Start of Raw data

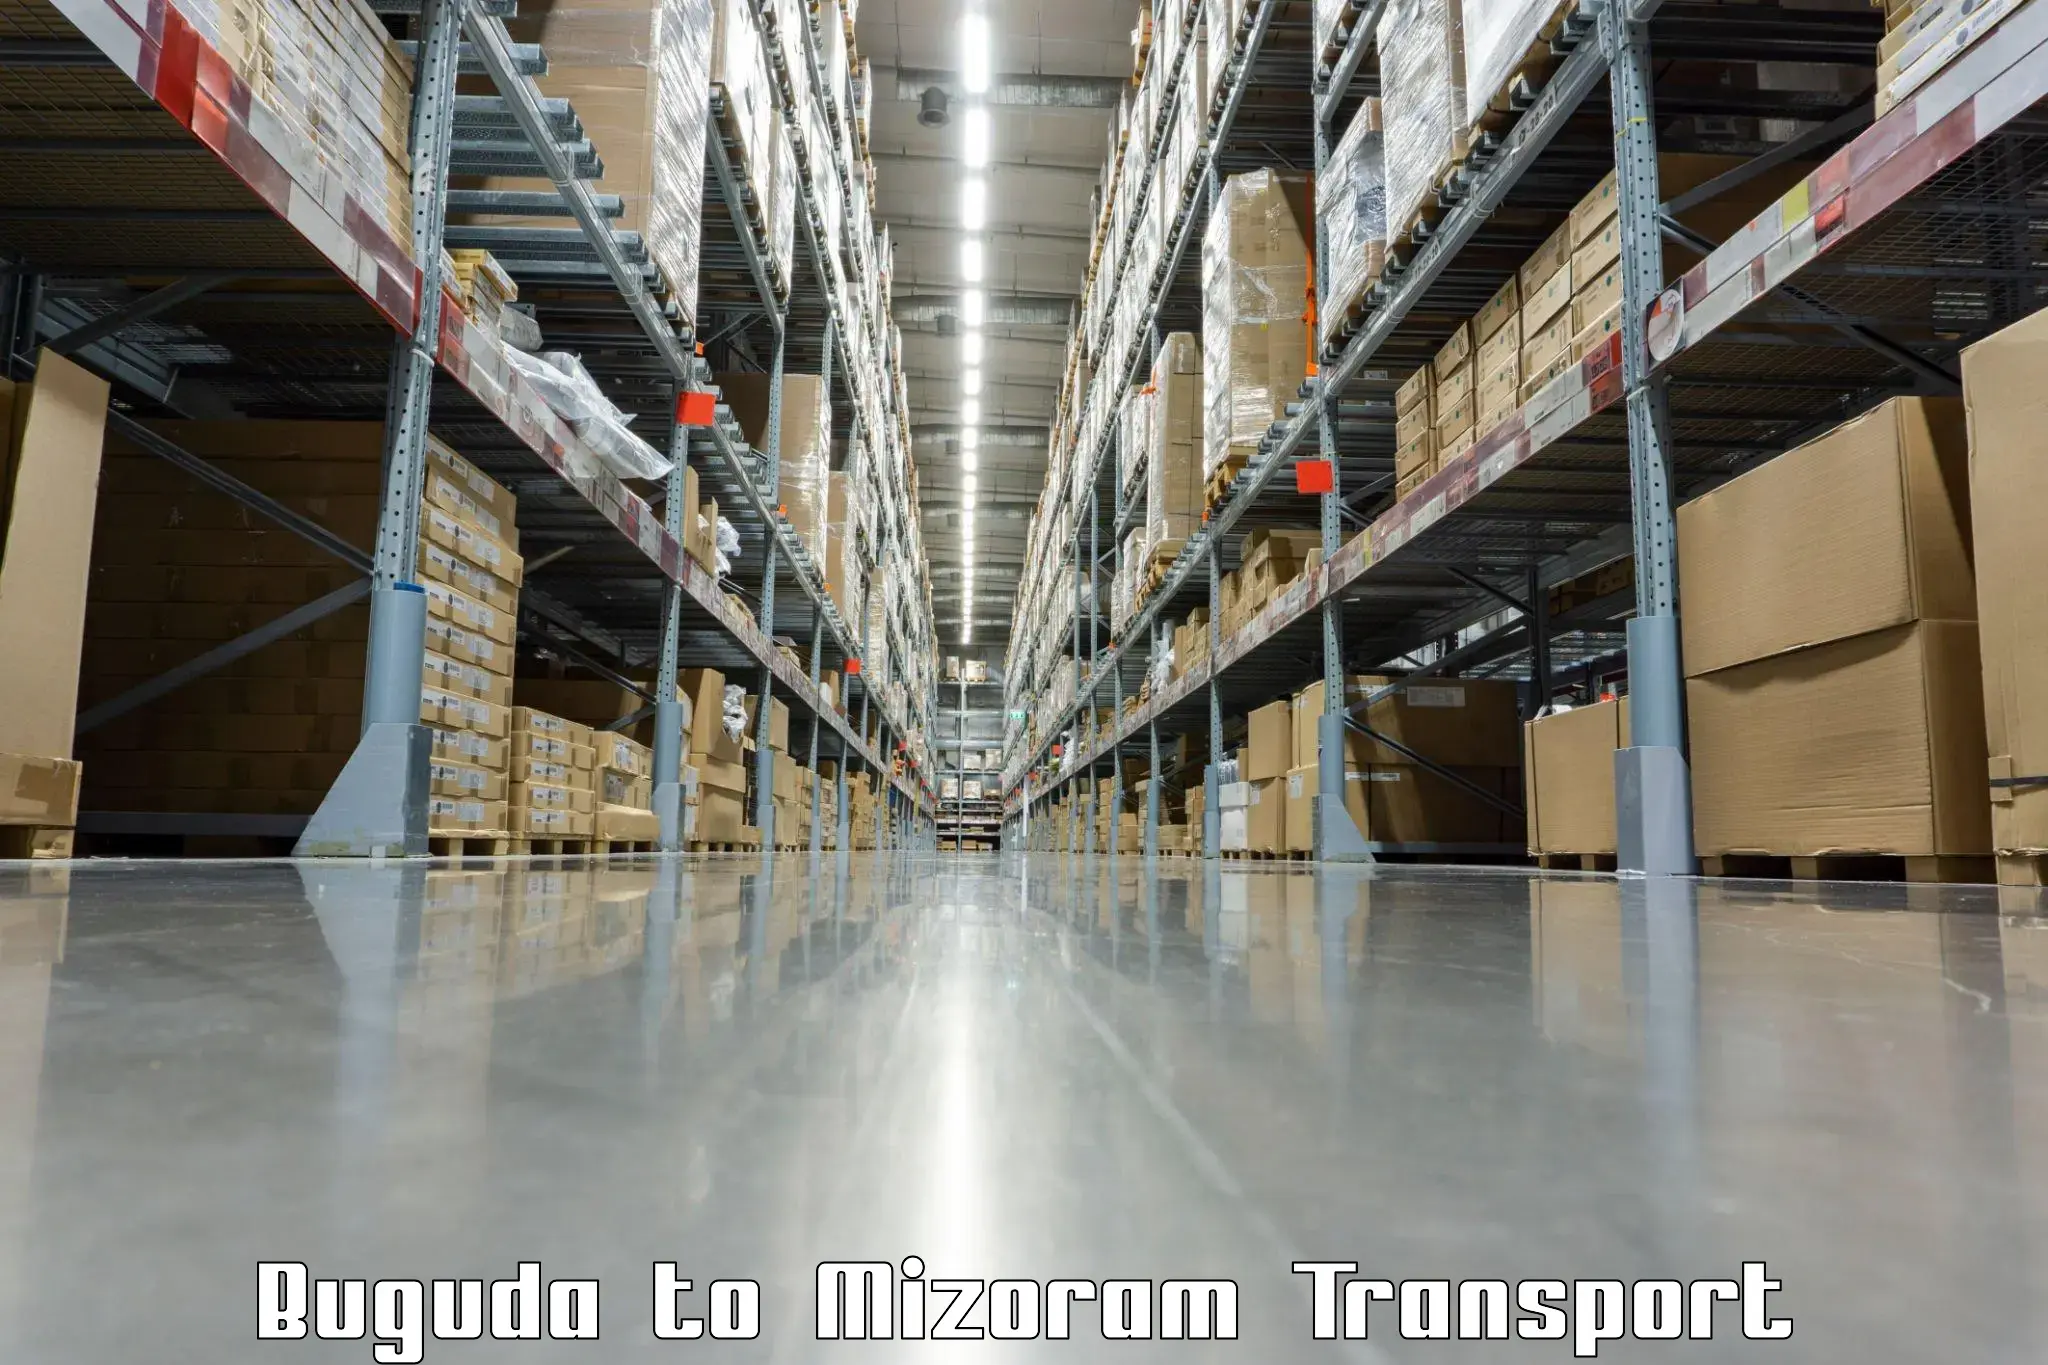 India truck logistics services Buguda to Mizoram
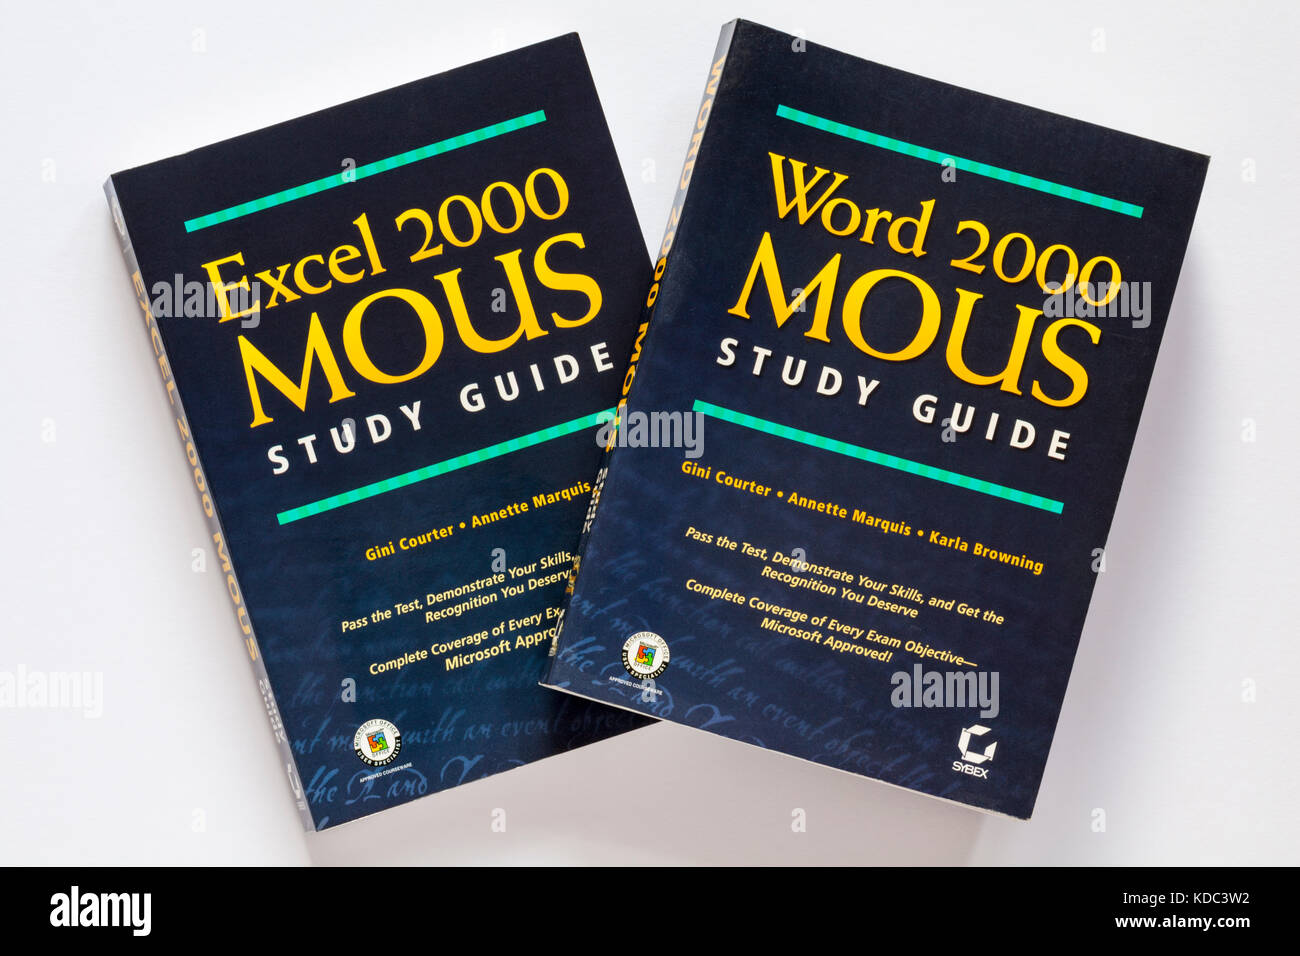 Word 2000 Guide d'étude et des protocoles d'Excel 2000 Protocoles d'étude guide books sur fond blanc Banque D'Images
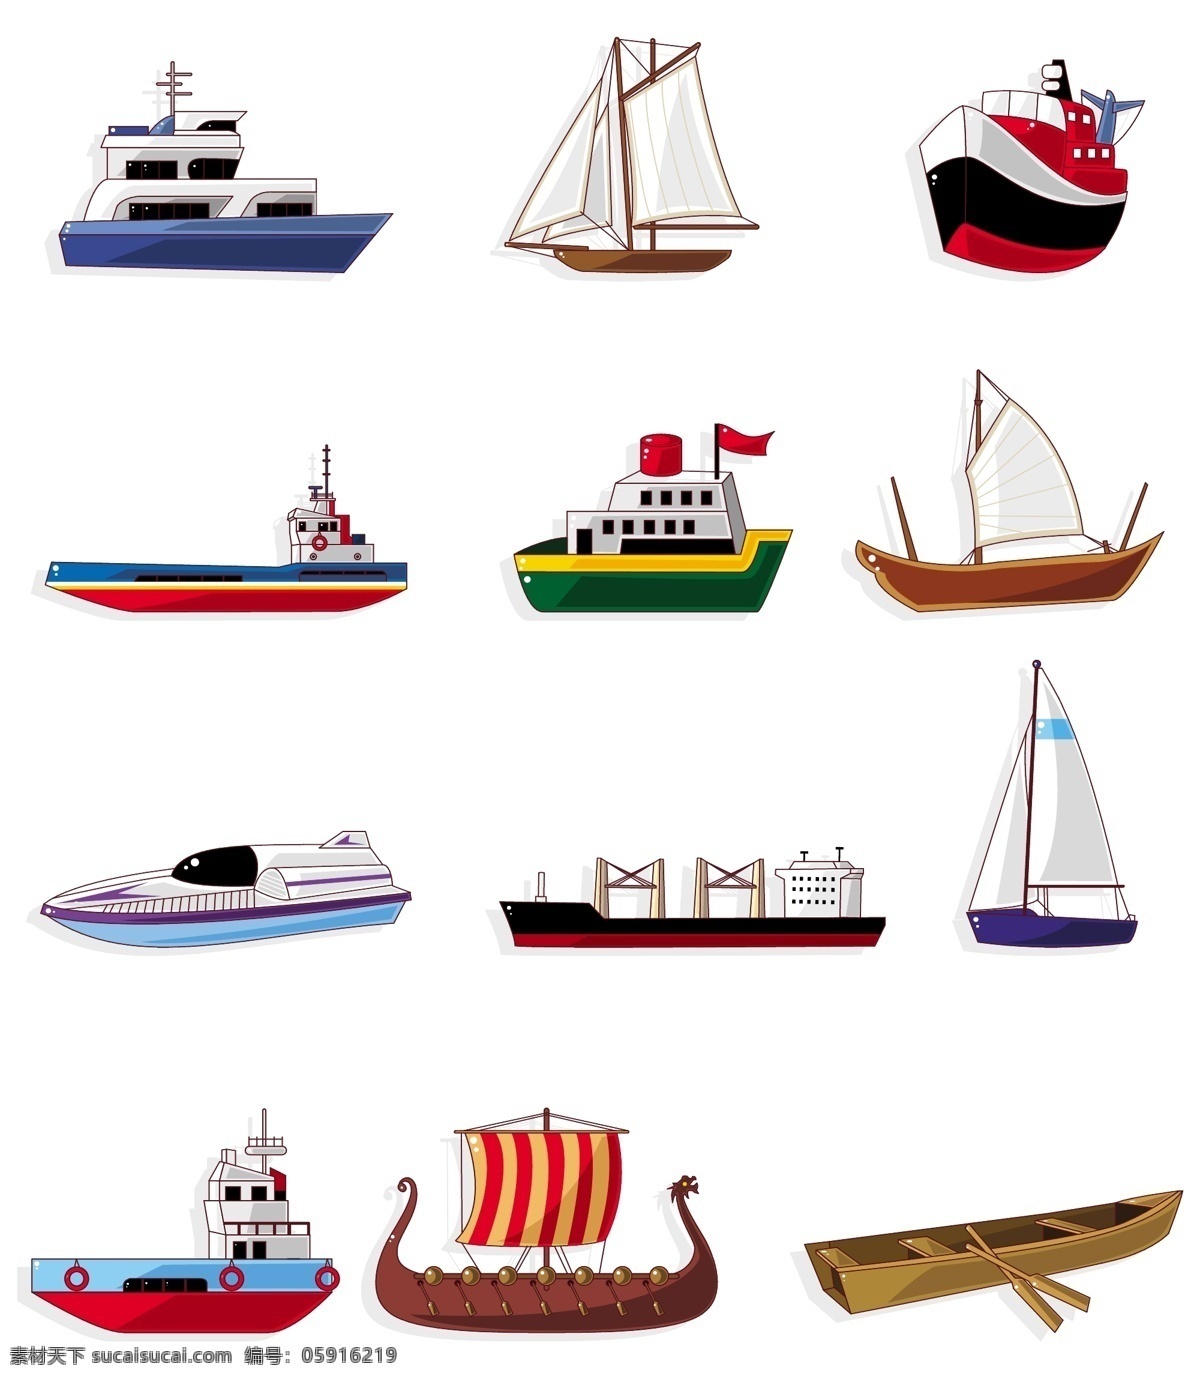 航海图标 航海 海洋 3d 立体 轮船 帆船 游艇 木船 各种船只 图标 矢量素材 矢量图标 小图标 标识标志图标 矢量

End of Raw data

> **Exercise directions**
Give back the material exactly as written, images excluded.

> **Answer box**
 India truck logistics services Buguda to Mizoram
 Word 2000 Guide d'étude et des protocoles d'Excel 2000 Protocoles d'étude guide books sur fond blanc Banque D'Images
 航海图标 航海 海洋 3d 立体 轮船 帆船 游艇 木船 各种船只 图标 矢量素材 矢量图标 小图标 标识标志图标 矢量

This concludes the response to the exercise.